If you’re the sort of person who reads this blog, you probably know that Duluth is in the running to become a test city for Google’s proposed ultrahighspeed bandwidth test. At first, I really liked the idea of living in a city with 1 gigabit connection speed, aside from the fact that Google has no real experience running a local ISP (they already control huge amounts of fiber across the country, but it’s backbone stuff) and a history of privacy violations (though as I’ve stated before, privacy is overrated).
But my fair city, in one of their many attempts to show their worth, decided to organize an idea contest with $500 dollar prize. Since I’m poor, and I consider myself to be smart, I decided that I would give it a shot. Here’s the big problem that I hadn’t really considered though; the 1 gigabit speeds would only be local. So if I were communicating with a server here in town, I would get that full experience, but anywhere else in the country would still be roughly the same speed because of the bottlenecks on their end.
The possibilities for ultrahighspeed are immense. High-definition video is what most people think of right off the bat; the high-def you see on YouTube comes in at about 5 Mbps, meaning that it’s not even close to the real thing (Blu-ray has a bitrate of 40 Mbps). At 1 Gbps, a whole movie can be downloaded in about four minutes. I’ll confess that I’ve done a little movie pirating, and waiting a couple of hours for DVD quality video is one of the reasons that owning a copy of movies isn’t something that’s done a lot (either legally or illegally).
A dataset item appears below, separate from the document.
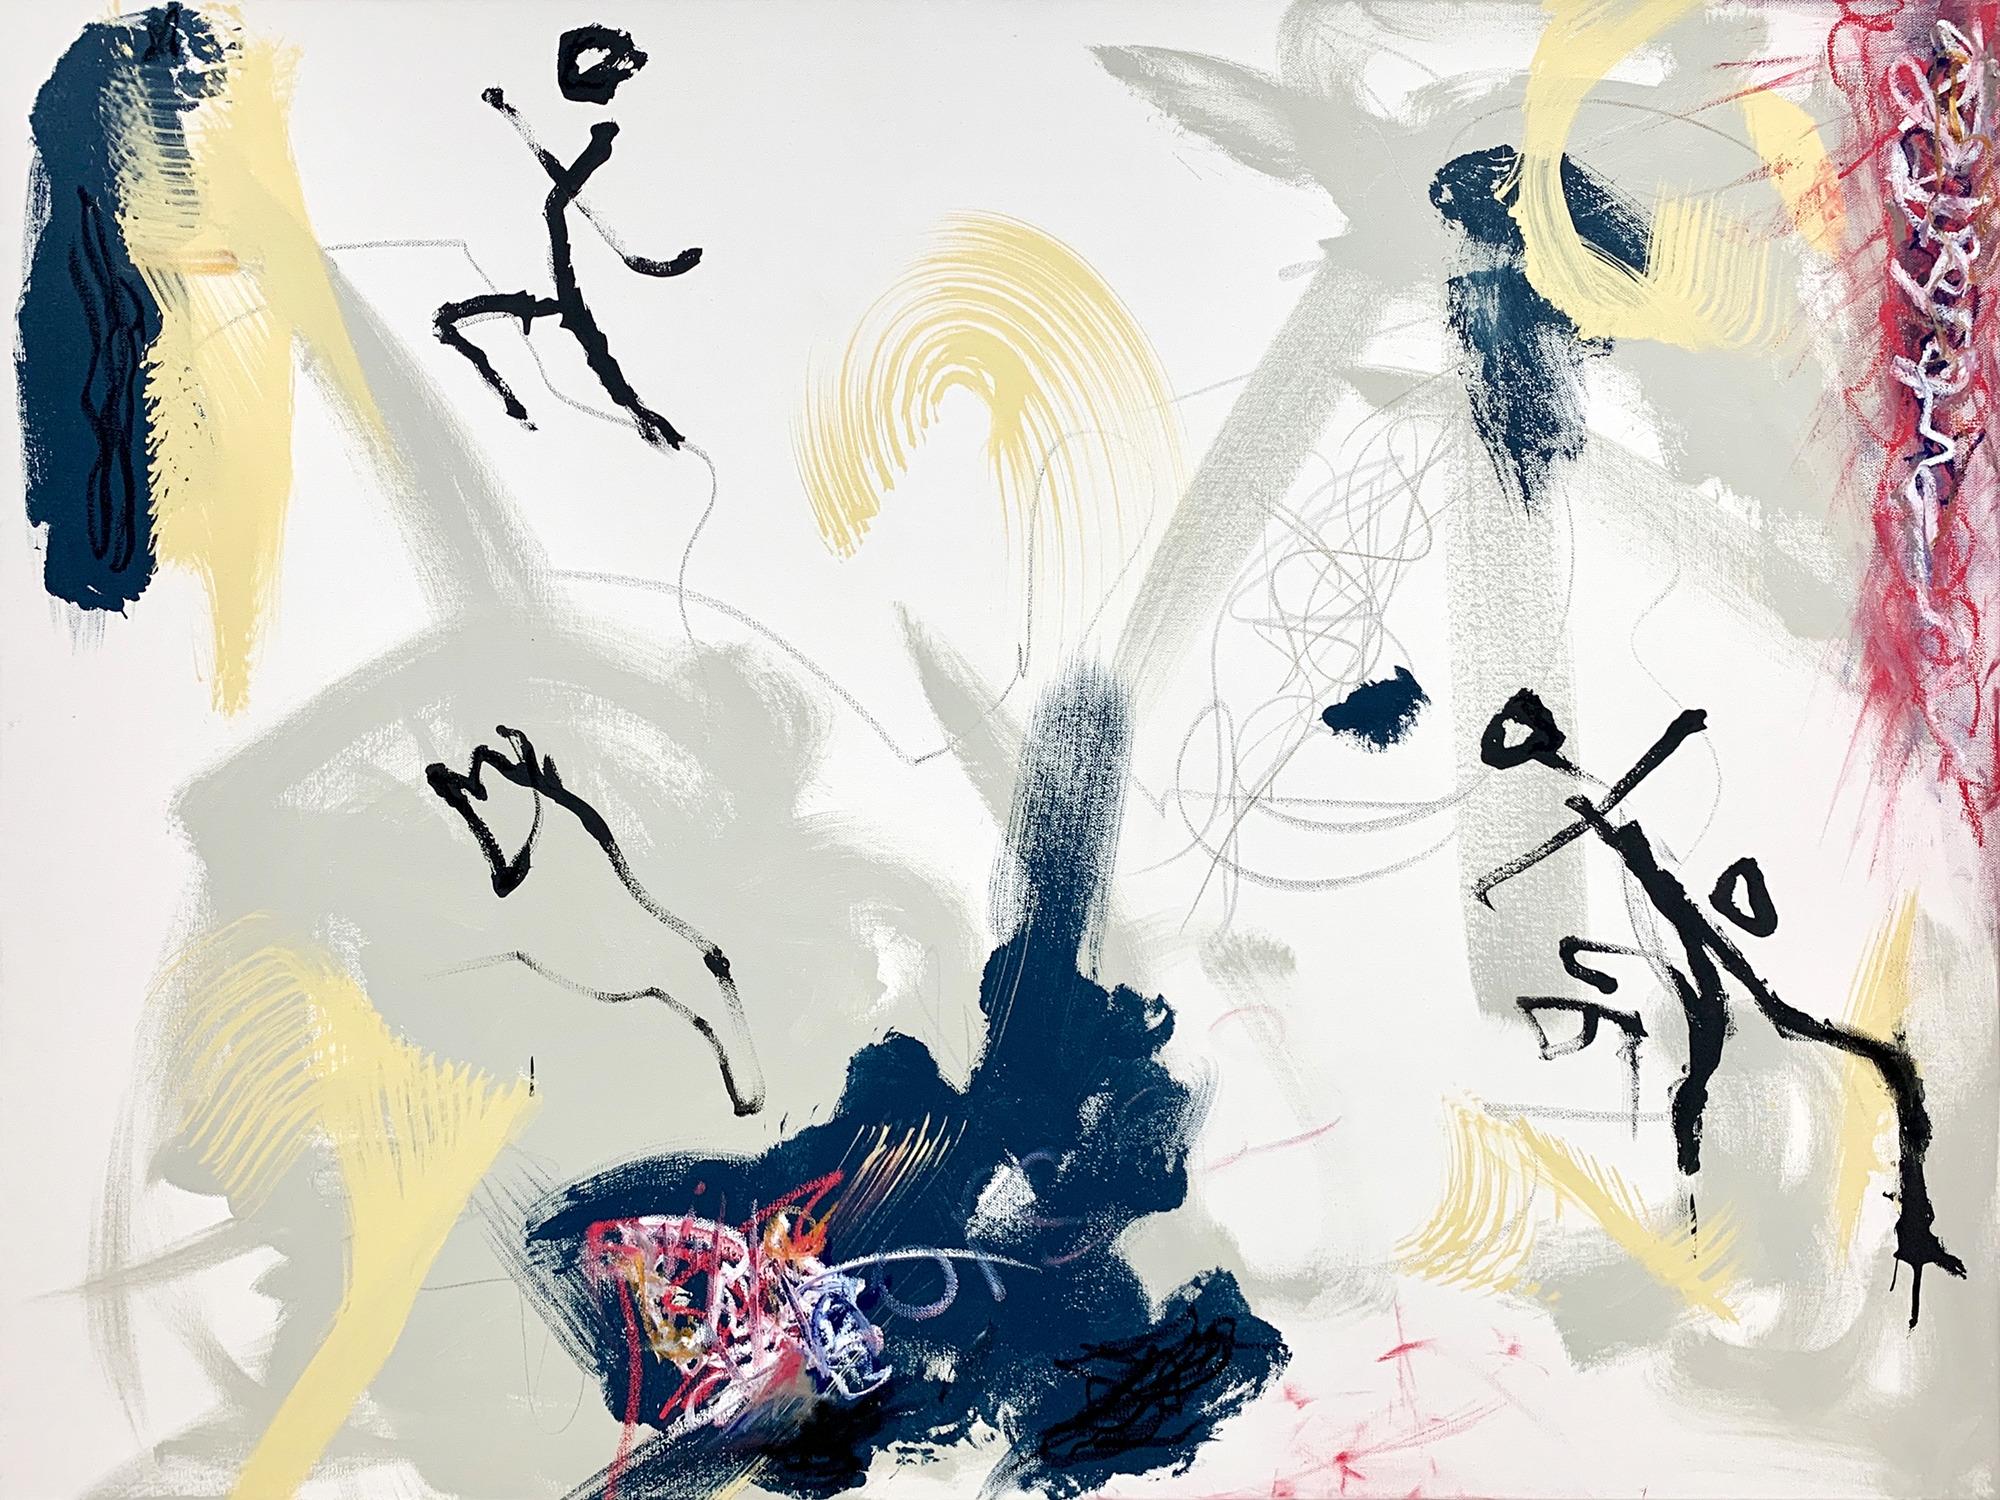 Katewilson.wildhorses.paintingoncanvas.30x40inches.lr.2019 vkjg8b
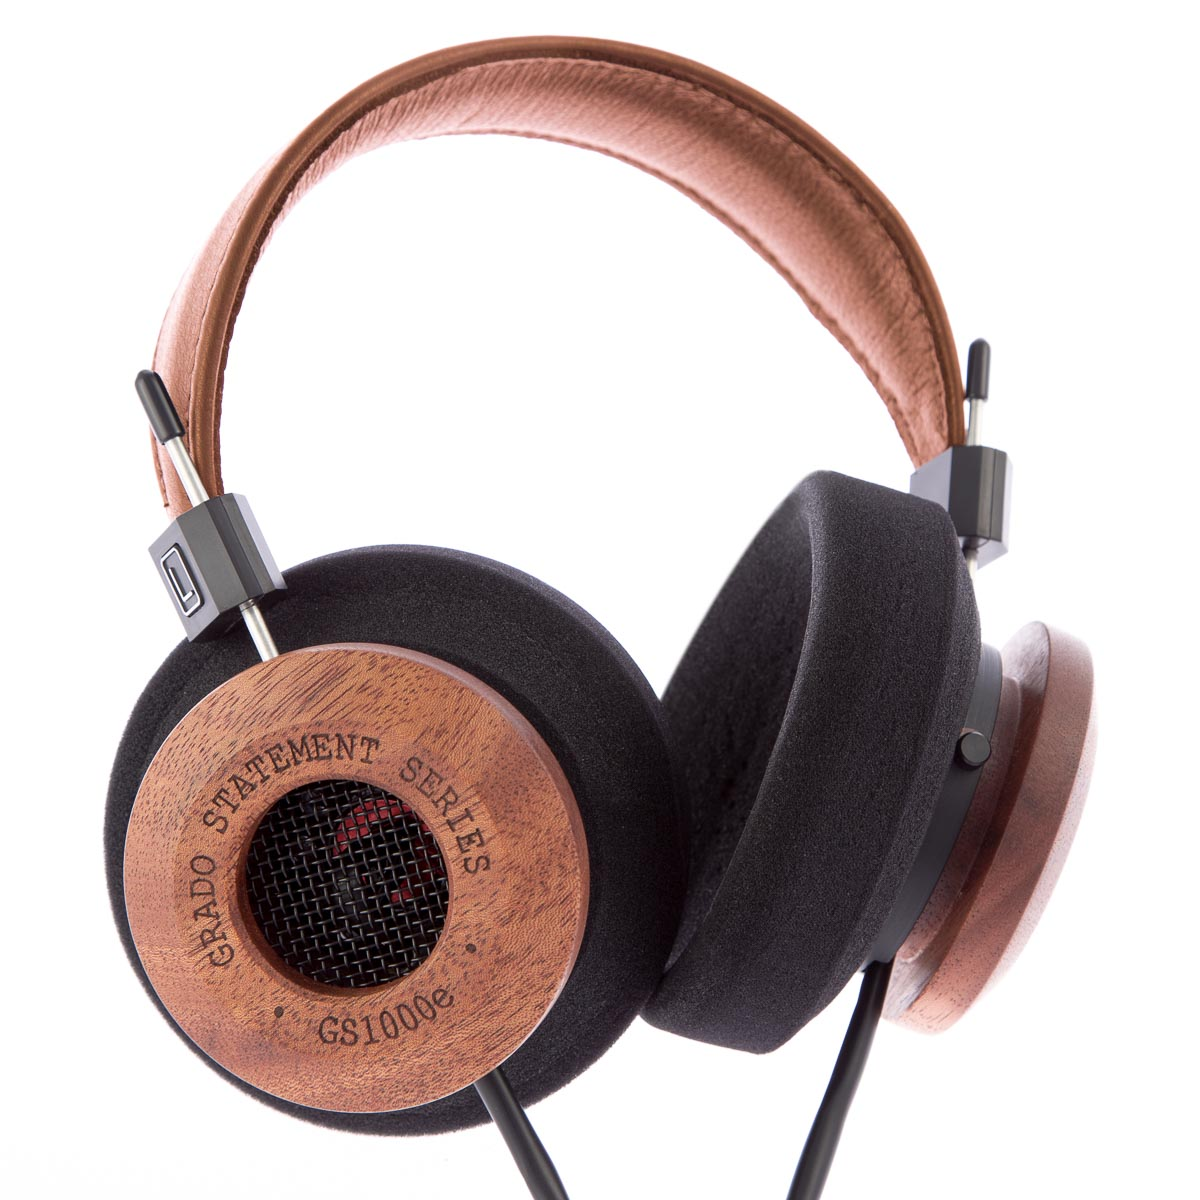 hight resolution of grado labs gs1000egrado headphones wiring diagram 5

Fiber would allow a business model where people actually download movies for keeps – though it would probably be hamstrung by DRM. If your speeds are fast enough, there’s no real need to ever download the movies in the first place; some large company would have a database table showing which movies you own, and you would be able to watch your movies from any browser with a fast enough connection. But there’s not even any reason for notional ownership once you have that technology, because “rental” is instant, especially if the payment scheme is seamless. The paradigm will shift from “ownership” to “access”. Movie rental places are already trying to do this, Netflix cheif among them with their on demand service.
Aside from raw content, of which video is definitely the most broadband intensive, the other lure of fiber is that it would allow the use of applications which are currently confined to your operating system. This isn’t such a big shift, because most of the time when you “buy software” what you’re really buying is a liscence to use the software (depending on your EULA, natch). So when speeds get high enough, you’ll buy the lisence without any CDs, DVDs, or downloads, and whenever you want to use the program it’s as fast as logging in to check your e-mail. But as stated above, once you’re at that point “ownership” is entirely notional, and so you might as well just rent out Final Cut Pro from Apple instead of paying for it normally. This is more or less the de juris reality, which goes counter to how we actually think about application ownership (a traditional EULA specifies no termination date).
Here’s the problem with Google Fiber: no matter what town Google chooses, the population won’t be large enough for the application and media giants to build the necessary infrastructure. If Duluth receives the contract, will Apple build a new data center here specifically so that Duluthians will be able to download a four-minute high-def movie? Will they modify their existing data centers to push us high-def movies down whatever fiber their own or lease? Apple is perhaps a bad example, because they’re in contention with Google, but the point stands; there’s too little to gain by catering to a city the size of Duluth. Maybe I’m wrong, and the “last mile” problem is really all there is to it; maybe the huge rights holders will hop on the bandwagon right away. But I’m really curious as to whether this would actually change how we browse.